OLX did attempt to monetise some transactions on its website, charging sellers who wanted their products prominently displayed on their platform.

Unfortunately for OLX, there could only be as many items that could feature under the ‘premium’ category. The closest OLX has come to having some control over the transaction that takes place on their platform was with the selling of cars, where it sold on behalf car owners.

This had the double-advantage of earning it some income as well as eliminating cases of fraud which have been prevalent on the platform.

If OLX has little control over the transactions that take place on its website and finds it difficult to monetise, Jumia and Kilimall, have a firmer grip on all the transactions that take place on their platforms and have also been able to charge a fee on each of the transaction.

They charge vendors fees for storage and delivery of products to customers. Yet it is not like it has been paradise for them. Although Jumia’s website has not been infiltrated by fraudsters (vendors and customer do not interact directly) and thus enjoy some semblance of trust, it has grappled with a number of teething problems. First, because fewer people are buying goods online, Jumia does not get to enjoy the economies of scale.

It is possible for a company to spend more on delivering an item, and get less in terms of fees. Few orders also mean that the company will take some days to accumulate as many orders as possible to deliver, this means longer delivery time.

Delivering an item to a customer’s address is even more hectic. Lack of an address system in Kenya in particular, and Africa in general means that it will take long before a logistic firm can locate the exact address of the customer to drop the package. Normally, the logistics company will incur an extra cost of calling a customer to get their address. They will just spend more time and fuel just trying to locate a customer’s address.
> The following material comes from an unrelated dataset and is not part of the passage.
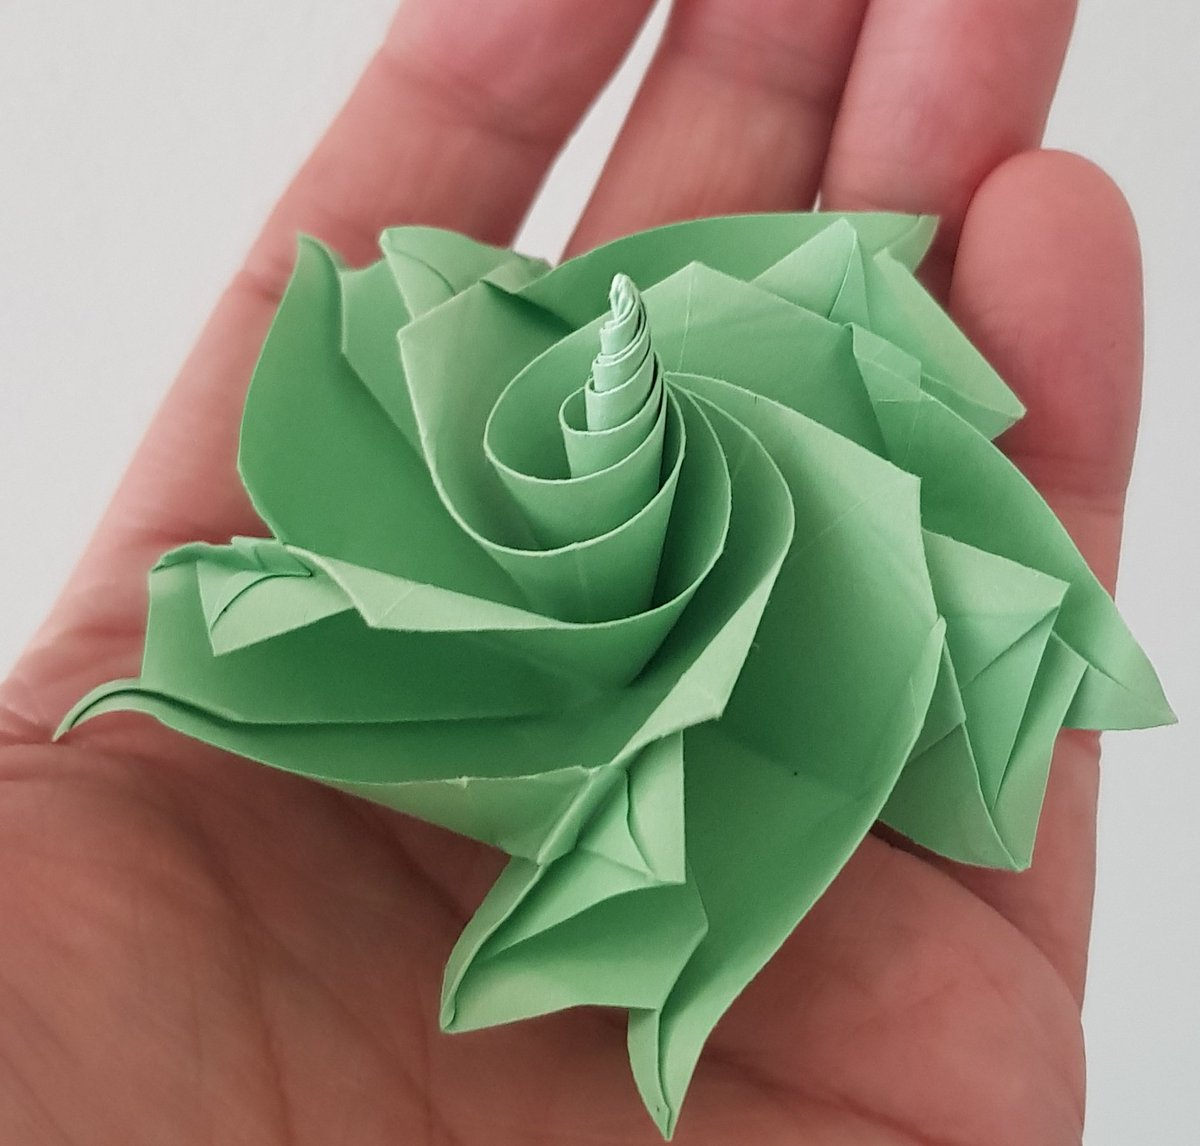 Origami by sesames sesamesorigami twitter 0 replies 0 retweets 2 likes mightylinksfo

The alternative is to have the customer pick their package from central point, which defeats the objective of online shopping; online shopping is supposed to free up people’s time. Mr Chappatte said that more needs to be done if e-commerce penetration is to be moved from the dismal 0.5 per cent.

Whereas there are a lot of advantages of businesses adopting e-commerce, even fewer private enterprises and State agencies are warming up to the idea of buying and selling products online, according to a 2016 survey by Kenya National Bureau of Statistics (KNBS) and CA.

The survey showed that 39 per cent of the 3,530 firms surveyed engaged in either purchasing or selling over the Internet using automated systems, while 61 per cent did not.

Most firms that engaged in e-commerce were large ones, mostly in the IT sector. Most of the firms, 32 per cent, that never engaged in online selling said their products were not well suited for sale via the Internet.

Another 24.5 per cent did not have a reason, meaning there is a need for sensitisation among such firms. Over 24.4 per cent said there was not enough level of customer demand for purchasing via the Internet, while another 22.8 per cent preferred to stick to their current model of business. There were also security concerns, lack of awareness of online selling and lack of internet infrastructure.

However, these concerns have not dampened the spirit of e-commerce companies.


Backed by deep-pocketed venture capitalists, these companies have burnt billions spreading the gospel of e-commerce in the hope that they will cash-in once the pie grows bigger.

Most of this money has been spent on sensitising people on the basics of e-commerce and winning them over.

The objective has been to win the trust of Kenyans used to the motor-and-brick supermarkets or grocery to convince them that shopping from online stores will offer them more choice, is cheaper and convenient for a people that are getting busier.

Enticed by the growing-e-commerce mantra, Safaricom recently unveiling its online marketplace, Masoko.

Just before OLX bowed out, Africa Sokoni joined e-commerce giants Jumia, Kilimall, Masoko as well as car marketplace Cheki in the scramble for online business.